This article is more than 1 year old

Octopus will change the way research is communicated

Research England is supporting a new platform that aims to allow the processes that underpin research to be shared freely. Steven Hill reckons the idea has legs.
This article is more than 1 year old

Steven Hill is Director of Research at Research England. He is also a member of the REF Steering Board.

How researchers share their findings has hardly changed in 400 years.

There has been effective digitalisation of the process, but the underlying steps and formats would be recognisable to scientists and researchers from the past.

As Jason Priem and Bradley Hemminger argued a decade ago, the present system combines the registration of findings with the dissemination of associated conclusions, which has negative consequences for the research system. In addition, earlier approaches have not scaled with the research system, which is both larger and more complex in 2022. The time is ripe for some real innovation, which is why Research England is supporting the development of Octopus, launched today.

Cephalopod-cast?

Octopus is a platform to help split the dissemination of findings through journals, from the recording of research work for the benefit of researchers. It aims to be the primary research record for scientific work and, importantly, splits the process of research into eight separate classes of contribution. The eight contributions from which Octopus gets its name are:

  • research problems
  • hypotheses
  • methods and protocols
  • data and results
  • analyses
  • interpretations
  • implementation
  • peer reviews

Researchers can record any of these and claim credit for them.

Squids in

Octopus has the potential to solve some major challenges in the research system.

It will improve access to research so that researchers can build on the work of others. It provides a platform where all research can be freely shared, reducing publication bias and making findings available to anyone who needs them. The intention is not to replace other forms of research dissemination but to make public the primary record for all to use and share.

Octopus will also improve the quality of research. The platform breaks the research process into component parts that can be published separately but appropriately linked together. The separation brings appropriate attention to the quality of all aspects of research, the process and the findings.

It allows specialists in, for example, experimental design or statistical analysis to contribute their expertise and receive appropriate recognition. And because all the components are visible, the platform allows robust external scrutiny. Researchers can review any part of the process, and those reviews are themselves available to read.

Arms around research culture

Furthermore Octopus has the potential to contribute to improving research cultures.

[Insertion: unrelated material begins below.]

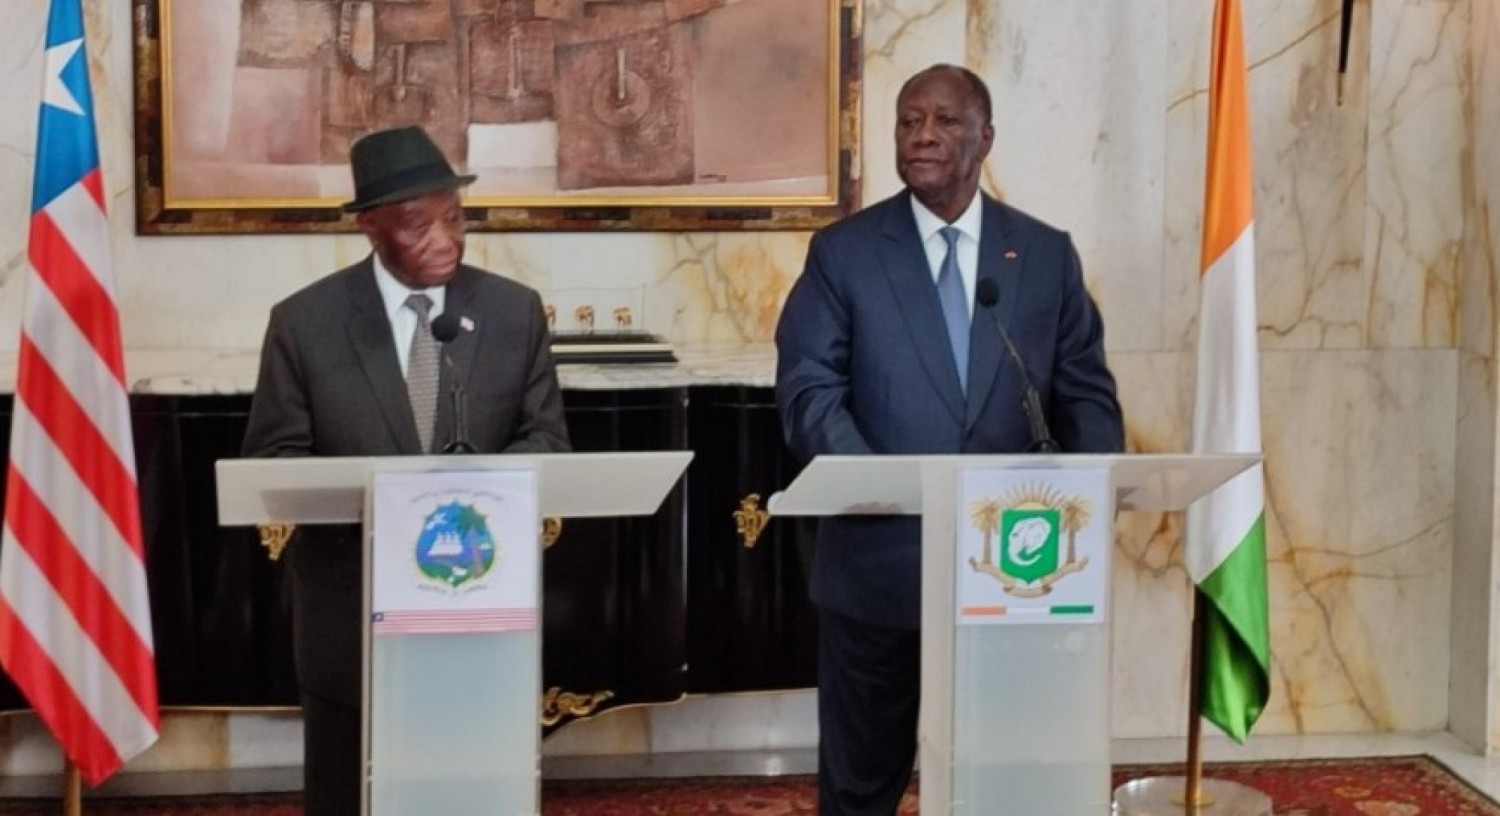 Côte d'Ivoire-Libéria: Ouattara salue Joseph Nyuama Boakai pour son accession au pouvoir d'état par des élections démocratiques

It removes hierarchies in access to publication and allows all researchers, whatever their status or career stage, to contribute on an equal and transparent footing. The platform’s modular nature means that researchers can record their ideas or contribute to interpreting data gathered by others. Everyone’s contribution is clearly attributed, and its relationship to the research process is transparent.

At Research England, we are delighted to support the development of Octopus, working in partnership with the UK Reproducibility Network and Jisc. Although originated and developed in the UK, Octopus is a global platform aimed at transforming the recording of research. Following the launch of the platform, the biggest challenge will be to persuade researchers to use it. But the potential benefits certainly make that hard work worthwhile.

The invention of the scholarly journal 400 years ago marked a step-change in research communication. The launch of Octopus could mark the next major shift.